Многие записи автора являются драгоценным материалом для истории повседневности. Без обиняков Варнава описывает быт столицы Украины, пересказывает с комментариями всевозможные слухи, фиксирует самые разные фигуры поведения. Скажем, приводит случай, когда рабочий и солдат в трамвае жаловались друг другу на жизнь и ругали власти. И их не арестовали! А ведь случалось, и не раз, когда к похожим собеседникам подходил человек в штатском и просил пройти в милицию. Говорит Варнава и о таких вещах, как распущенность нравов в молодежных общежитиях. И вспоминает царское время - что было тогда прилично, а что нет. Эти качели, эта постоянная обращенность к дореволюционной России не имеет и намека на стилизацию.

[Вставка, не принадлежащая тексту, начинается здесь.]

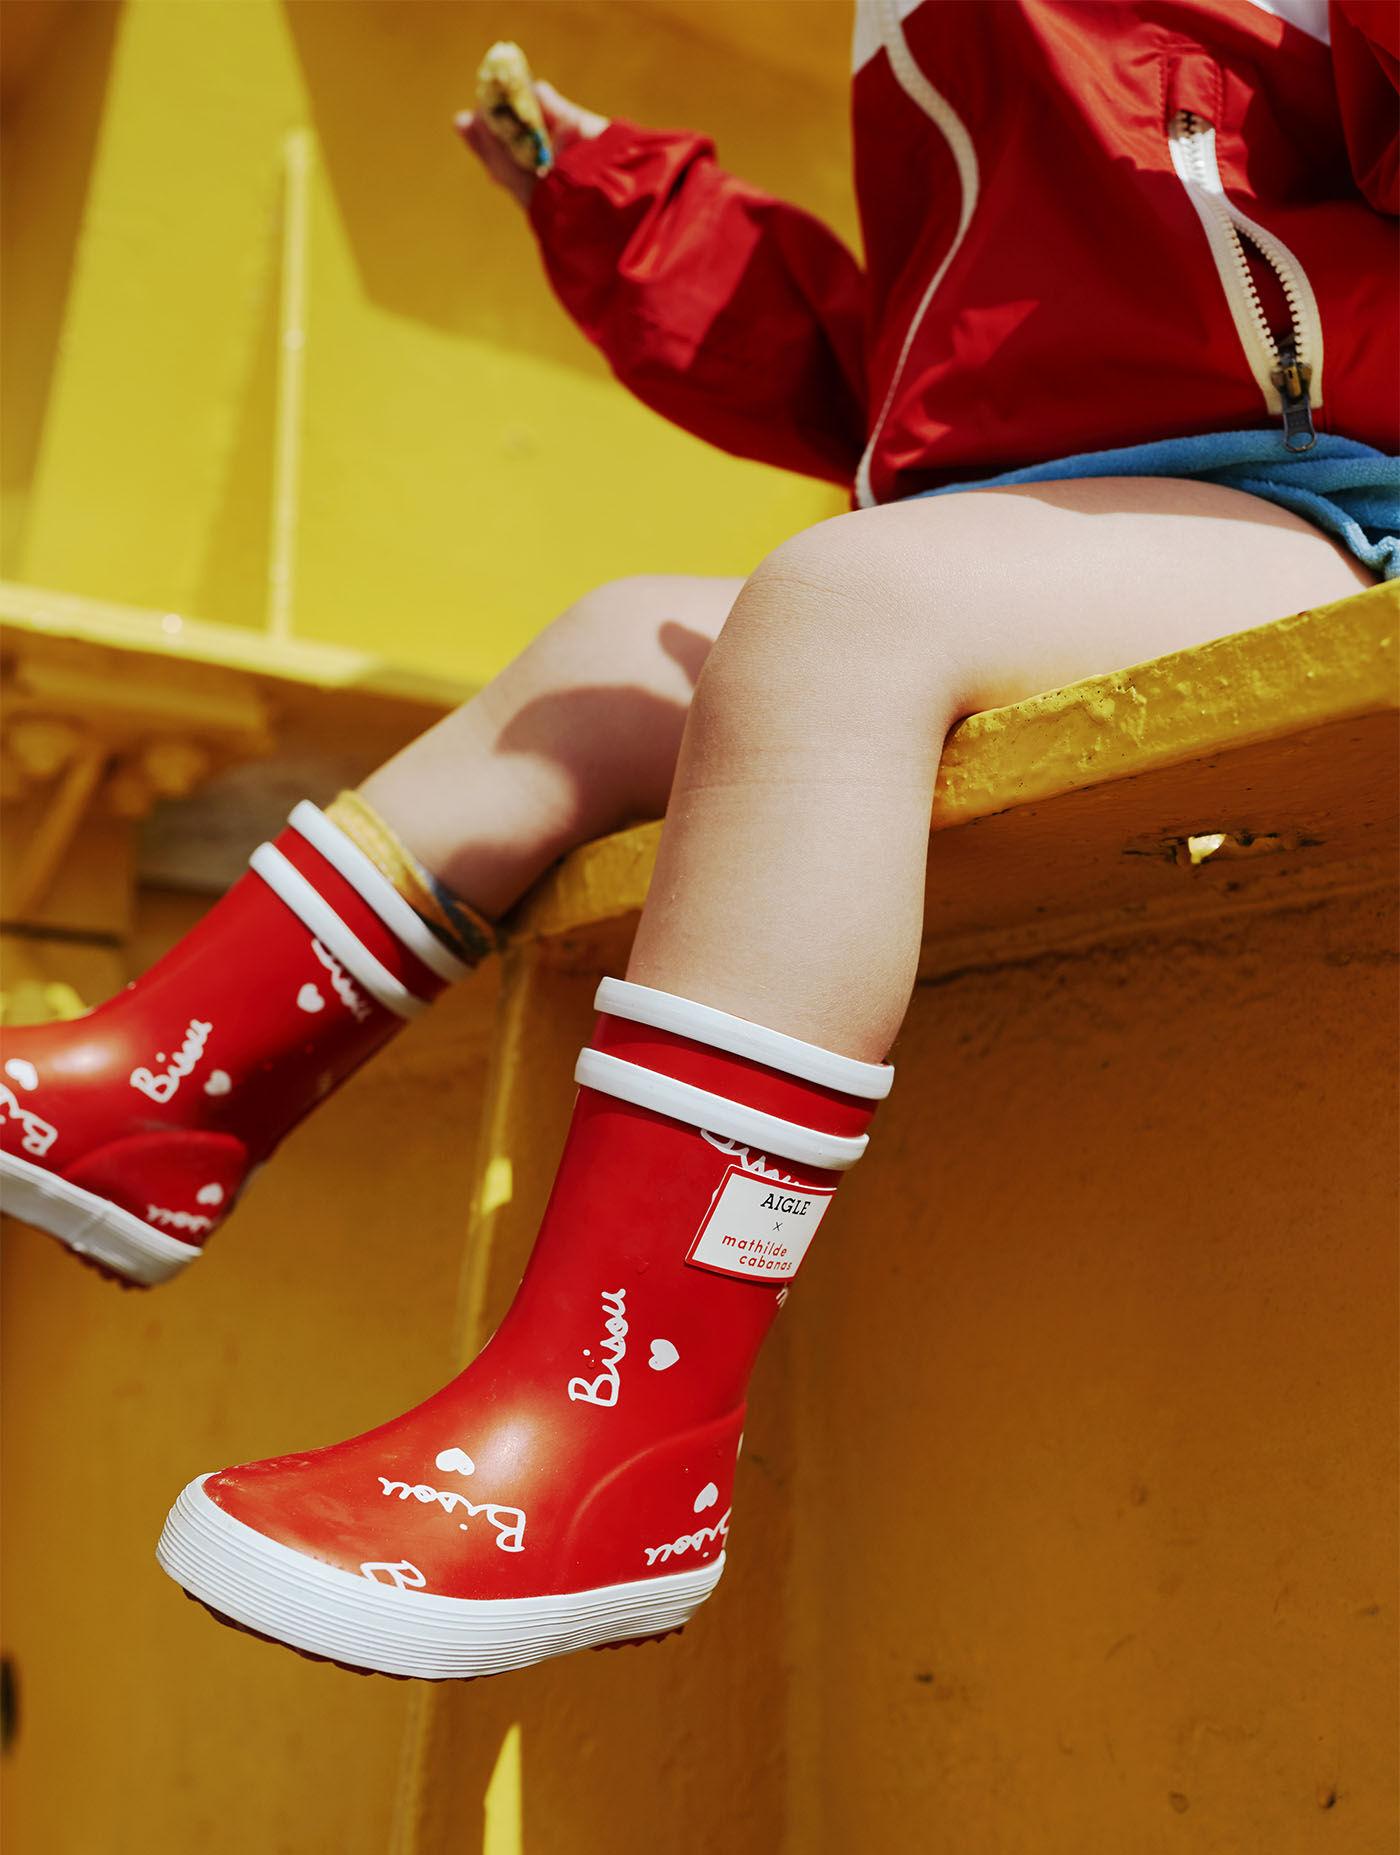 X Mathilde – Collab' Mode Enfant Et Aigle Cabanas Femme 13cTlFKJ

Потому что автор сам хорошо помнит, как учили, как воспитывали при царизме, и какой реальной свободой обладал человек. Например, дядя Коля замечает, что современный труженик имеет право на двухнедельный оплачиваемый отпуск. А в дореволюционной России рабочие и крестьяне отдыхали неделю на Рождество и неделю на Пасху, а также не работали и в другие двунадесятые праздники. За всеми декларативными лозунгами, замечает Павел Проценко, автор видит двойное дно и злой умысел идеологии. Поэтому всегда в своих описаниях и рассуждениях он встает на сторону «загнивающего запада». Собственно антикоммунизм Варнавы - предтеча радикальной «антисоветчины», охватившей значительные слои советской интеллигенции более позднего времени. При этом борьба с идеологией иногда идет у Варнавы в ущерб здравому смыслу. Так, он жестко критикует Московскую патриархию за ее участие в миротворческих акциях советского правительства. «Сейчас пропагандируют мир, и даже Московская патриархия ввязалась в эту компанию. Но иное есть мир Христов, а иное мир в шайке разбойников», - пишет он. Но при этом совершенно не принимает во внимание то обстоятельство, что мир, действительно, находится на грани войны, в которой погибнут и правые, и виновные. «Борьба за мир» Русской православной церкви имеет и конкретную ценность: мир, пускай искаженный, испорченный идеологией, но жизнь, реальная жизнь, в которой человек может духовно возрастать, спасаться.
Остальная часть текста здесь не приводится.